Paleontologists studying fossilized feathers have proposed that the shapes of certain microscopic structures inside the feathers can tell us the color of ancient birds. But new research from North Carolina State University demonstrates that it is not yet possible to tell if these structures – thought to be melanosomes – are what they seem, or if they are merely the remnants of ancient bacteria.
Melanosomes are small, pigment-filled sacs located inside the cells of feathers and other pigmented tissues of vertebrates. They contain melanin, which can give feathers colors ranging from brownish-red to gray to solid black. Melanosomes are either oblong or round in shape, and the identification of these small bodies in preserved feathers has led to speculation about the physiology, habitats, coloration and lifestyles of the extinct animals, including dinosaurs, that once possessed them.
But melanosomes are not the only round and oblong microscopic structures that might show up in fossilized feathers. In fact, the microbes that drove the decomposition of the animal prior to fossilization share the same size and shape as melanosomes, and they would also be present in feathers during decay.
Alison Moyer, a Ph.D. candidate in paleontology at NC State, wanted to find out whether these structures could be definitively identified as either melanosome or microbe. Using black and brown chicken feathers – chickens are one of the closest living relatives to both dinosaurs and ancient birds – Moyer grew bacteria over them to replicate what we see in the fossil record. She used three different types of microscopy to examine the patterns of biofilm growth, and then compared those structures to melanosomes inside of chicken feathers that she had sliced open. Finally, she compared both microbes and actual melanosomes to structures in a fossilized feather from Gansus yumenensis, an avian dinosaur that lived about 120 million years ago, and to published images of fossil "melanosomes" by others. Her findings led to more questions.
"These structures could be original to the bird, or they could be a biofilm which has grown over and degraded the feather – if the latter, they would also produce round or elongated structures that are not melanosomes," Moyer says. "Melanosomes are embedded in keratin, which is a very tough protein, so they're hard to see unless there's been some degradation. But the bacteria are doing the degrading, and so that may be what we're seeing, rather than the melanosome itself. It's impossible to say with certainty what these structures are without more data, including fine scale chemical data."

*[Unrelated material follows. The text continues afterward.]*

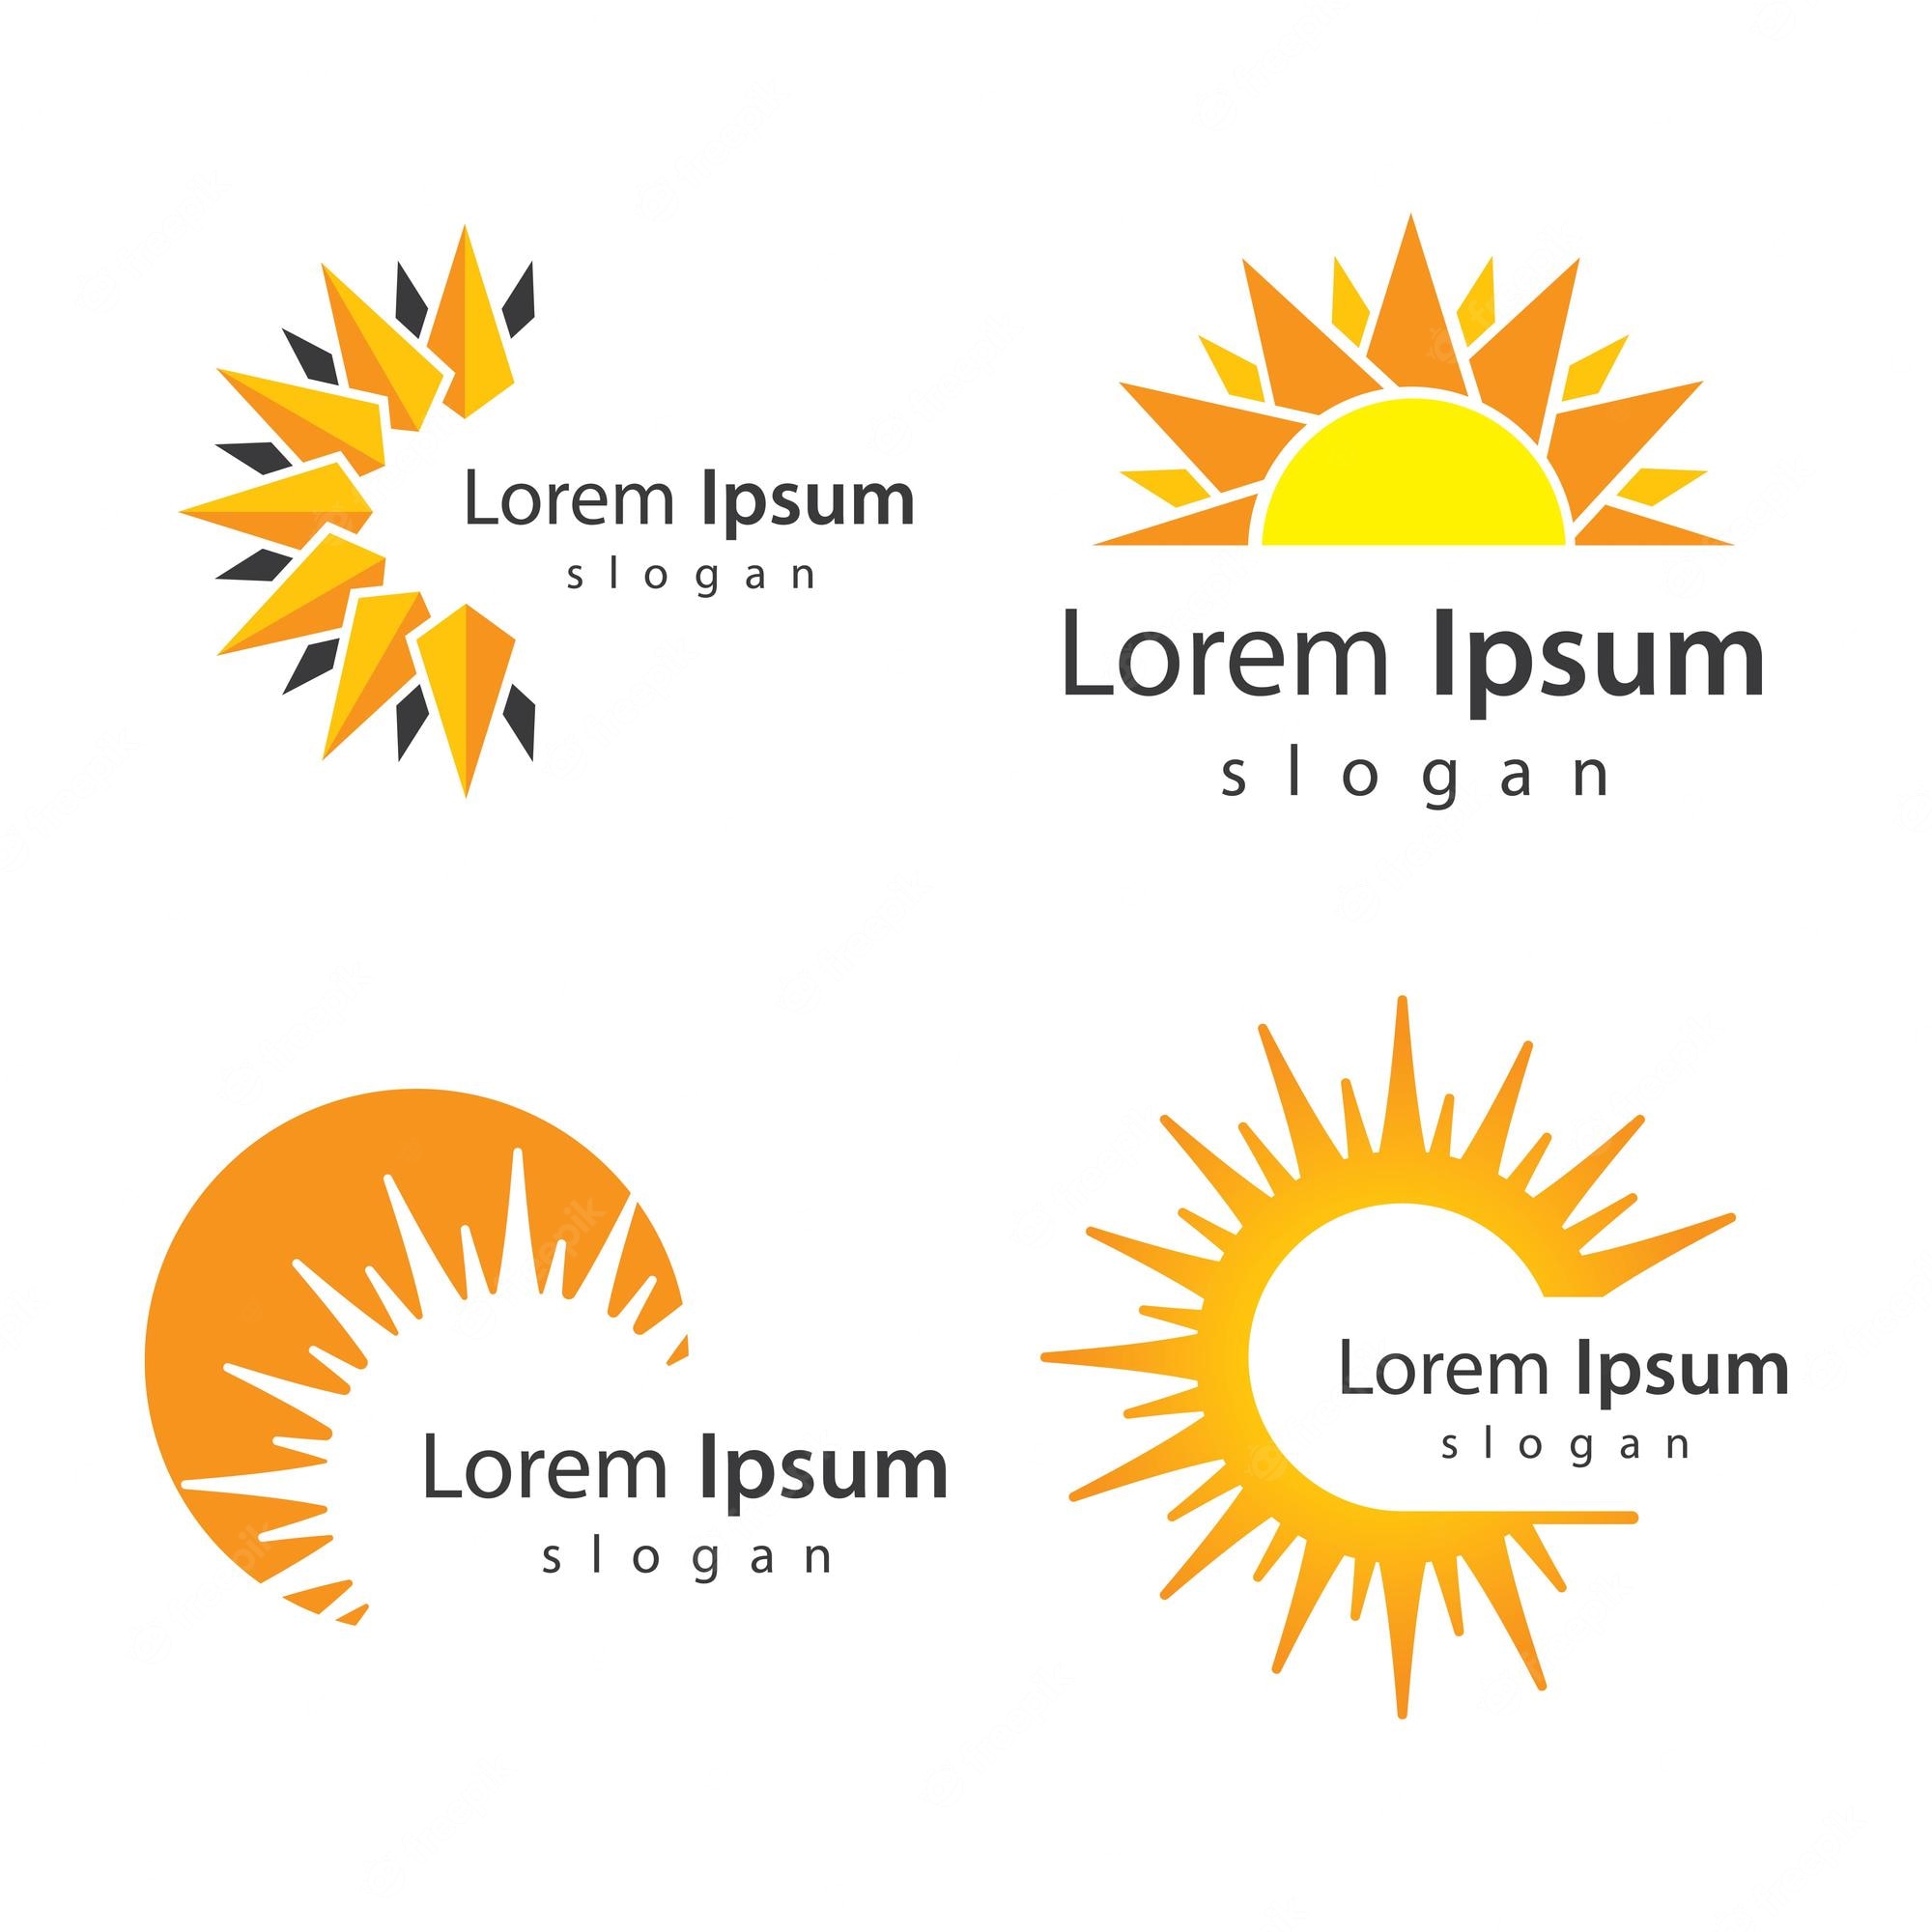 Premium Vector. Sun logo image illustration
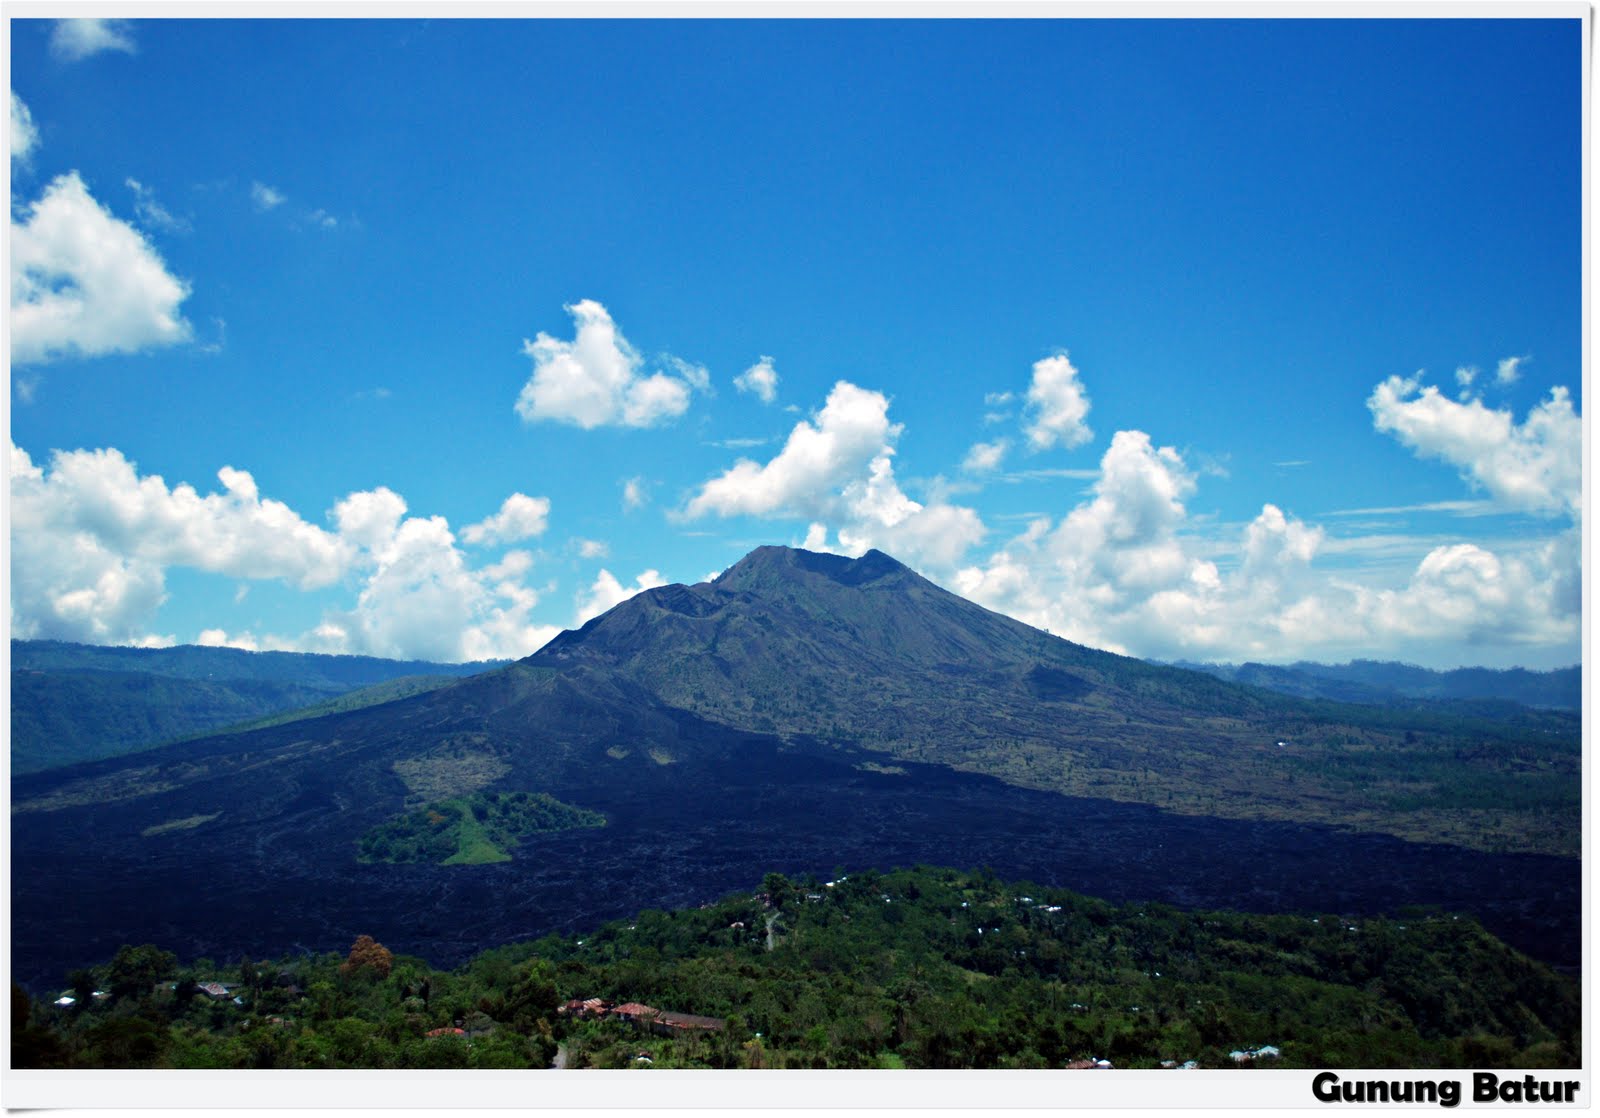 Батур бали. Гунунг-Батур. Гора Батур. Бали вулкан Батур высота. Агунг вулкан Батур восхождение.

The research appears online in Scientific Reports. Possible next steps for Moyer include testing for the presence of keratin or bacteria within the fossils, by looking for their molecular signals.
"The technology that we have available to us as paleontologists now is amazing, and will make it much easier to test all of the hypotheses we develop about these fossils," Moyer says. "In the meantime, perhaps we can establish some basic criteria for identifying these structures as melanosomes, such as whether they're found within the feather's interior, or externally."
The research was funded in part by the National Science Foundation and the David and Lucille Packard foundation. The fossil feather was provided by the Gansu Geological Museum in Lanzhou, Gansu, China.
Note to editors: An abstract of the paper follows.
"Melanosomes or Microbes: Testing an Alternative Hypothesis for the Origin of Microbodies in Fossil Feathers"
Authors: Alison Moyer, Wenxia Zheng, Mary Schweitzer, NC State University; Elizabeth Johnson, Colorado Northwestern Community College; Matthew Lamanna, Carnegie Museum of Natural History; Daqing Li, Gansu Geological Museum; Kenneth Lacovara, Drexel University
Published: March 5, 2014 in Scientific Reports
Abstract: Microbodies associated with fossil feathers, originally attributed to microbial biofilm, have been reinterpreted as melanosomes; pigment-containing, eukaryotic organelles. This interpretation generated hypotheses regarding coloration in non-avian and avian dinosaurs. Because melanosomes and microbes overlap in size, distribution and morphology, we re-evaluate both hypotheses. We compare melanosomes within feathers of extant chickens with patterns induced by microbial overgrowth on the same feathers, using scanning (SEM), field emission (FESEM) and transmission (TEM) electron microscopy. Melanosomes are always internal, embedded in a morphologically distinct keratinous matrix. Conversely, microbes grow across the surface of feathers in continuous layers, more consistent with published images from fossil feathers. We compare our results to both published literature and new data from a fossil feather ascribed to Gansus yumenensis (ANSP 23403). "Mouldic impressions" were observed in association with both the feather and sediment grains, supporting a microbial origin. We propose criteria for distinguishing between these two microbodies.